Problem to solve
Give every line of the records exactly, please, from the first up to and including the one containing "Las autoridades de".

Entries taken from a collection
◆ ◆ ◆ ◆ ◆ ◆ ◆
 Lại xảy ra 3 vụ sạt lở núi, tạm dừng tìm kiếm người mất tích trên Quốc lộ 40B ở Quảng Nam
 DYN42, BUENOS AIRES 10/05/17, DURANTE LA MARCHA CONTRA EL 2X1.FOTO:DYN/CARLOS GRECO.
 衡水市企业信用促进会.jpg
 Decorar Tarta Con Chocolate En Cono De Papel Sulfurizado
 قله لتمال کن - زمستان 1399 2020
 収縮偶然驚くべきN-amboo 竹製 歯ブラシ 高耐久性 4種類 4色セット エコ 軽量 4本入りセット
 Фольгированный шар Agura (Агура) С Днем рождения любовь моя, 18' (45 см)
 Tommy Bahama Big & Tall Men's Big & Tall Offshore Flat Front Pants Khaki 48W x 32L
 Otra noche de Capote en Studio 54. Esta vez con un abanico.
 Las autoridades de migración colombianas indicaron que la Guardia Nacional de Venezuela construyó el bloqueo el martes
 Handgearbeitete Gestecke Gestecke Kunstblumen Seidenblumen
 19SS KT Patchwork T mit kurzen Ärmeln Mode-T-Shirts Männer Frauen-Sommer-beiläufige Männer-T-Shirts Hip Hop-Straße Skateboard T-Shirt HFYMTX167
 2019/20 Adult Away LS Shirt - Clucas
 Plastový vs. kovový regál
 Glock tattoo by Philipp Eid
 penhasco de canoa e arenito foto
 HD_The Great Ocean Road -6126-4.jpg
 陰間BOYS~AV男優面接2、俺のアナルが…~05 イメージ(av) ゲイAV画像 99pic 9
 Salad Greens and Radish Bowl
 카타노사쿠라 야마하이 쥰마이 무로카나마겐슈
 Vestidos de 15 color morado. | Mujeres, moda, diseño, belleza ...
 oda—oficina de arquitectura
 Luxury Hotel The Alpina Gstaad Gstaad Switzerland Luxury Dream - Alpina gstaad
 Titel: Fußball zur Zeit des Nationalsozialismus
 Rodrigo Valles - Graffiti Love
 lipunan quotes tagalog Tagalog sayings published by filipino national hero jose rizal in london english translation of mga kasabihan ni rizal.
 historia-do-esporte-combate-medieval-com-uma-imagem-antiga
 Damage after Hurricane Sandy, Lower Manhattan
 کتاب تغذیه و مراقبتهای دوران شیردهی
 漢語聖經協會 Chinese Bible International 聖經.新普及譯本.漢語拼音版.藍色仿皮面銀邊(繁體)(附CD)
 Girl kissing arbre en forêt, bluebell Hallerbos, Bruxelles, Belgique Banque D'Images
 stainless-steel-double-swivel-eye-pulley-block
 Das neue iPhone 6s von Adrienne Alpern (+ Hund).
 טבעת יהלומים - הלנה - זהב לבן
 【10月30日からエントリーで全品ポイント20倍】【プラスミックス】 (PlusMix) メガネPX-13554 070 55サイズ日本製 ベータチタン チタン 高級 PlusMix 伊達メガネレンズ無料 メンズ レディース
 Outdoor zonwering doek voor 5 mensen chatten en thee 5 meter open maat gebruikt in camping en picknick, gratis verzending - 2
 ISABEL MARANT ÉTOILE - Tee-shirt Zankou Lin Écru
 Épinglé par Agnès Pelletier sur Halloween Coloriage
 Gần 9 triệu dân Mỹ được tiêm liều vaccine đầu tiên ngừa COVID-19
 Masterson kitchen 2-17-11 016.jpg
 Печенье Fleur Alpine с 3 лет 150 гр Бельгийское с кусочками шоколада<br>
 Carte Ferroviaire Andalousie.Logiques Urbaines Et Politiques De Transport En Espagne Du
◆ ◆ ◆ ◆ ◆ ◆ ◆
Response area
 Lại xảy ra 3 vụ sạt lở núi, tạm dừng tìm kiếm người mất tích trên Quốc lộ 40B ở Quảng Nam
 DYN42, BUENOS AIRES 10/05/17, DURANTE LA MARCHA CONTRA EL 2X1.FOTO:DYN/CARLOS GRECO.
 衡水市企业信用促进会.jpg
 Decorar Tarta Con Chocolate En Cono De Papel Sulfurizado
 قله لتمال کن - زمستان 1399 2020
 収縮偶然驚くべきN-amboo 竹製 歯ブラシ 高耐久性 4種類 4色セット エコ 軽量 4本入りセット
 Фольгированный шар Agura (Агура) С Днем рождения любовь моя, 18' (45 см)
 Tommy Bahama Big & Tall Men's Big & Tall Offshore Flat Front Pants Khaki 48W x 32L
 Otra noche de Capote en Studio 54. Esta vez con un abanico.
 Las autoridades de migración colombianas indicaron que la Guardia Nacional de Venezuela construyó el bloqueo el martes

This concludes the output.